Writing the dissenting opinion, Justice Sotomayor expressed grave concerns about the direction in which this ruling would take the country. She argued that the court had forever changed the relationship between church and state “by holding, for the first time, that the Constitution requires the government to provide public funds directly to the church.” This will not necessarily prove to be the case in all future legal fights of this nature. As Gorsuch pointed out, there is always the question of how public funds would be used by any specific religious entity. This question will, undoubtedly, become the litmus test for deciding future cases. Sotomayor implied one important consideration, however. “[The court’s] reasoning weakens this country’s longstanding commitment to a separation of church and state beneficial to both.”

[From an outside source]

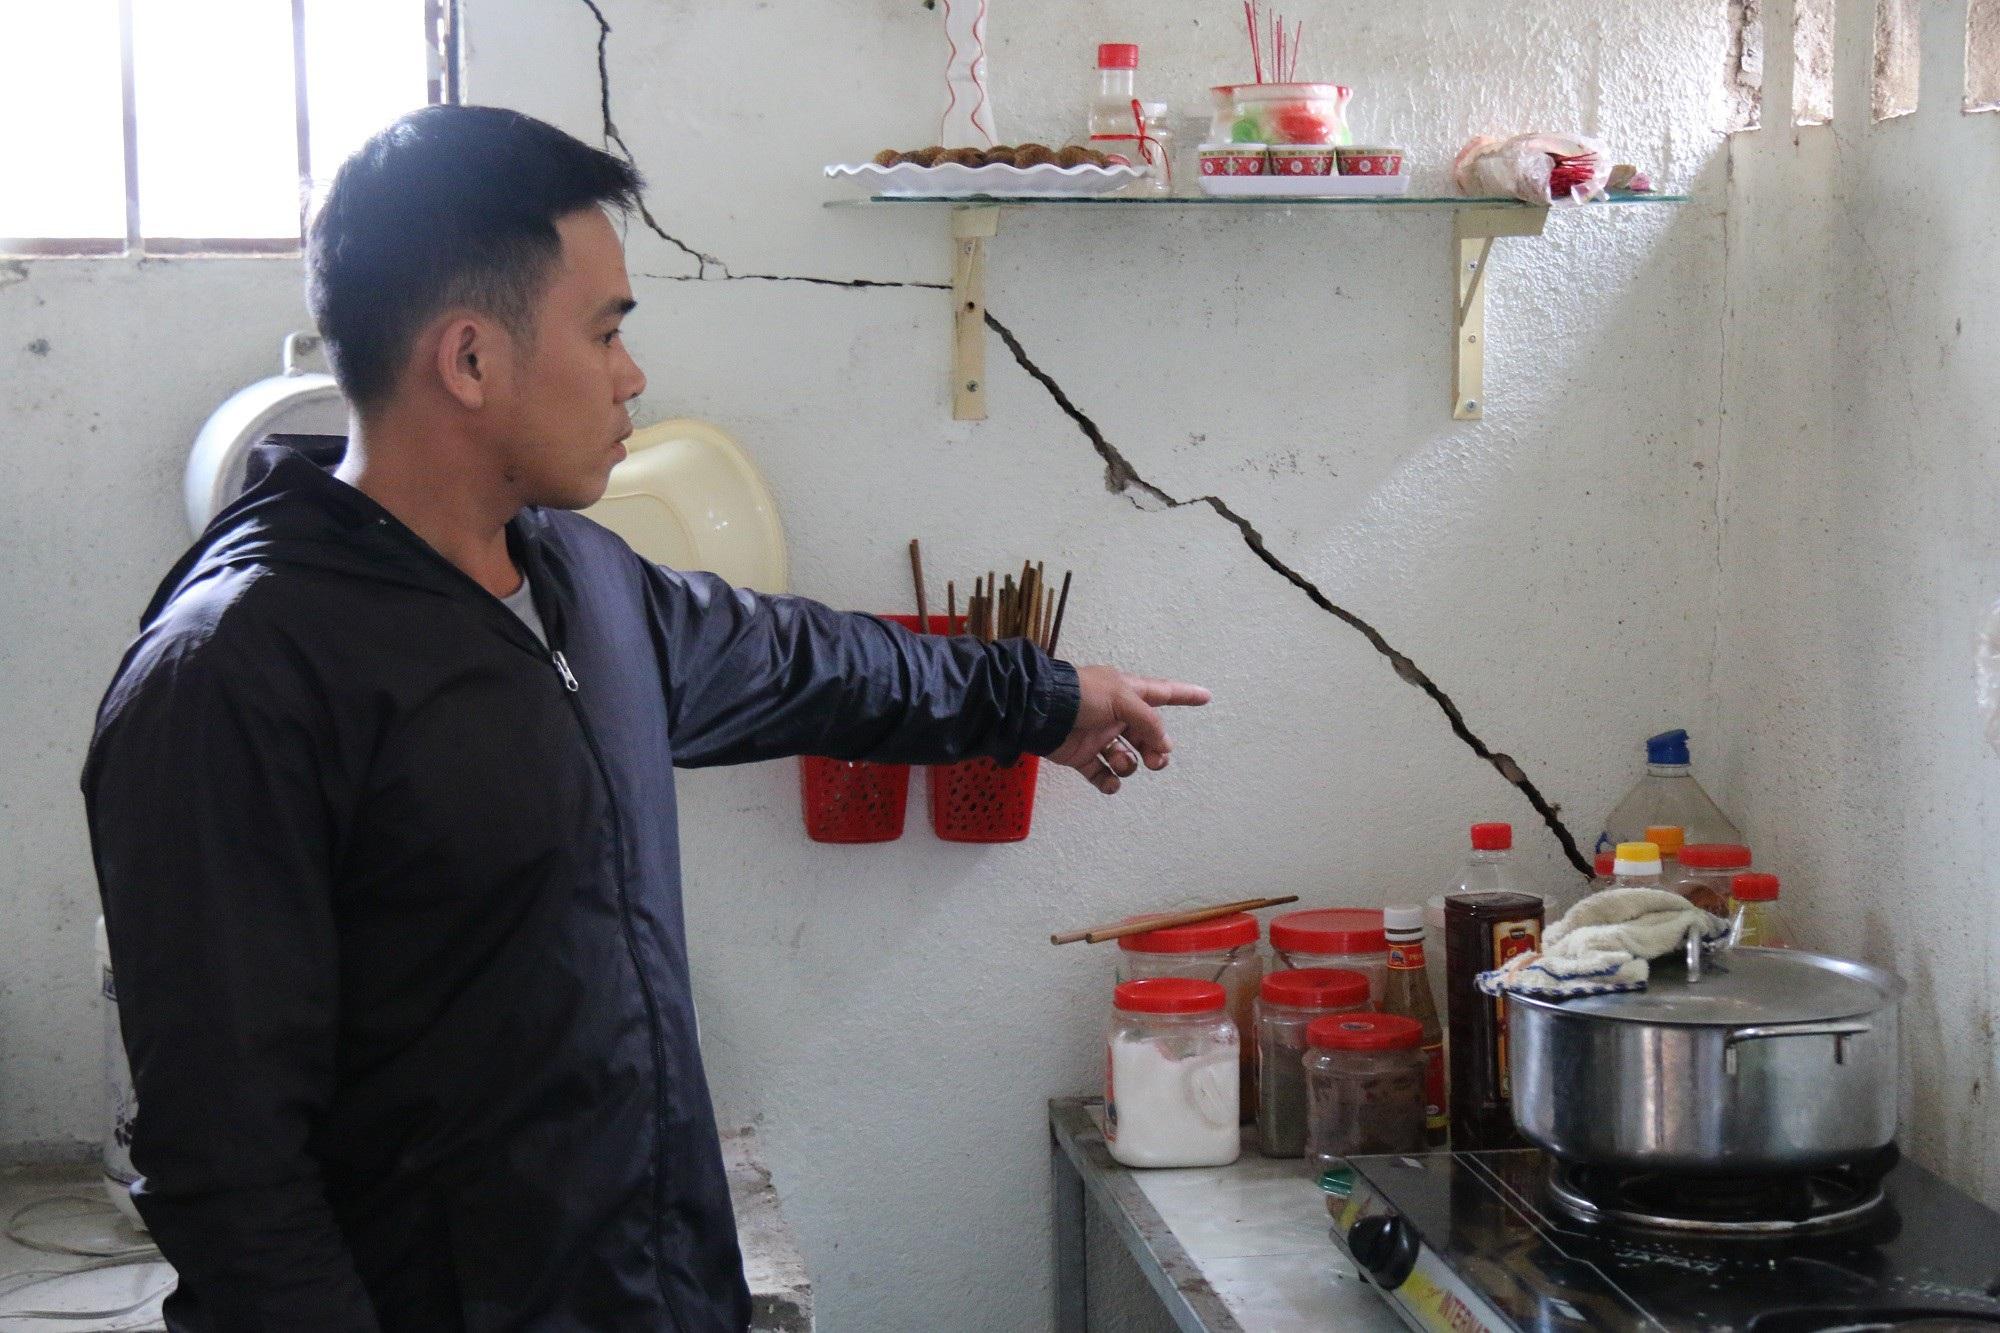 Thủy điện của vợ phó giám đốc Sở nổ mìn làm hỏng nhà dân: Chây ỳ đền bù? - Ảnh 2.

The secular nature of the United States Constitution was more about protecting religious practice from government interference than it was about protecting the civil government from religious zealotry. It is the nature of government to believe that the money it spends or grants belong to it, rather than to the people. A government does not provide any private entity with money unconditionally. Having accepted public funds, a church has given away a piece of its independence. The more the federal government, or state governments, provide public funding to churches or other religious entities, the more those churches may become vulnerable to government regulation or other conditions for receiving said funds.
By fighting for – and winning – public funding, religious entities are taking the first steps along a potentially hazardous path.
From the perspective of one who cherishes states’ rights. The Trinity Lutheran v. Comer ruling is not good news. Whatever arguments can be made, regarding the church-state relationship, this is still an example of the federal government interfering with the laws of a state. Notably, the justices declined to address this issue. The First Amendment applies to the federal government – specifically, to Congress – but does it apply equally to the states? This decision would imply that it does. If that is the case, then how does one reconcile that with the existence of numerous state laws that clearly infringe upon constitutional rights? If states are compelled to comply with the First Amendment, then why not the Second Amendment? Many states have overly-restrictive firearms laws which clearly run counter to the Second Amendment imperative that the right to keep and bear arms shall not be infringed. Shall those also be challenged?
Trinity Lutheran, it can be argued, has emerged with a clear and just victory, regarding its specific case. The blurring of lines between civil government and religious entities, however, does not bode well – particularly, for the latter. The further encroachment, by the federal government, upon a state’s right to autonomy also runs counter to the intent of the nation’s founders. The Missouri church will now get to renovate its playground but, in the grand scheme, the children who will play there are the only winners.